PyTorch Memory Deep Dive: view, reshape, transpose, permute and the Contiguity Puzzle

A practical deep dive into how PyTorch tensors use storage, stride, views and contiguity.

Posted Mar 20, 2026 Updated Mar 20, 2026

By Rohit Singh

8 min read

PyTorch Memory Deep Dive: `view`, `reshape`, `transpose`, `permute` and the Contiguity Puzzle 🧠

If you use PyTorch long enough, you will eventually hit one of these:

RuntimeError: view size is not compatible with input tensor's size and stride
A silent copy created by reshape()
A kernel running slower after permute() or transpose()

At first sight, these APIs look very similar because all of them seem to “rearrange” a tensor. But internally they are doing very different things. The key to understanding them is to understand three ideas:

Storage: the underlying 1D memory buffer.
Size: the logical shape of the tensor.
Stride: how PyTorch walks memory when you move along each dimension.

Once these are clear, the contiguity puzzle becomes much easier.

📦 Tensor Memory Model

Let us start with a simple tensor:

  
import torch

x = torch.arange(12)
x = x.view(3, 4)

print(x)
print("size:", x.size())
print("stride:", x.stride())
print("storage_offset:", x.storage_offset())
print("is_contiguous:", x.is_contiguous())

Output:

  
tensor([[ 0,  1,  2,  3],
        [ 4,  5,  6,  7],
        [ 8,  9, 10, 11]])
size: torch.Size([3, 4])
stride: (4, 1)
storage_offset: 0
is_contiguous: True

The stride (4, 1) means:

Move by 1 element in memory when advancing along columns.
Move by 4 elements in memory when advancing along rows.

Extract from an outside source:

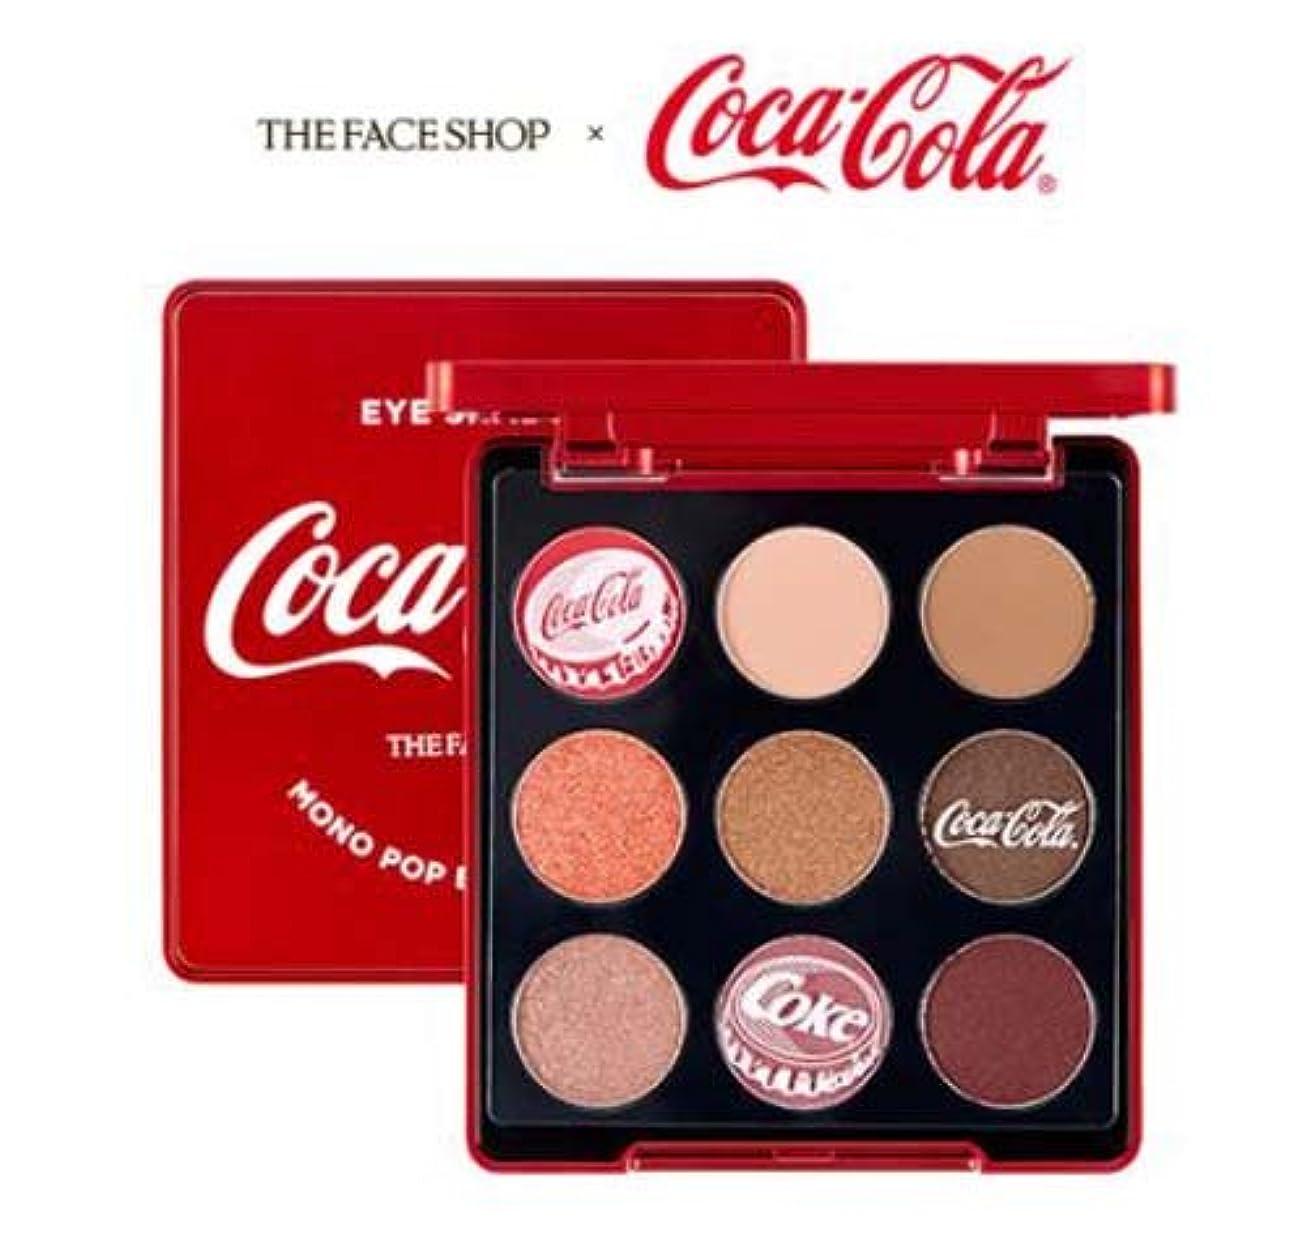 練習した曲アプローチ[ザ?フェイスショップ] THE FACE SHOP [モノ ポップ アイズ シャドーパレット(9色) - コカ?コーラ限定版] (Mono Pop Eyes - Coca Cola Edition) [海外直送品]

This is a standard row-major contiguous layout.

For a contiguous 2D tensor with shape (3, 4), the element x[i, j] lives at:

  
address = storage_offset + i * 4 + j * 1

So a tensor is not just its values. It is really:

a storage buffer
a shape
a stride
an optional storage offset

Most memory-layout confusion comes from changing one of these without changing the others.

👀 What is a View?

A view is another tensor object that looks at the same underlying storage.

  
x = torch.arange(12).view(3, 4)
y = x.view(2, 6)

print(x.data_ptr() == y.data_ptr())

This prints True, meaning both tensors share the same storage.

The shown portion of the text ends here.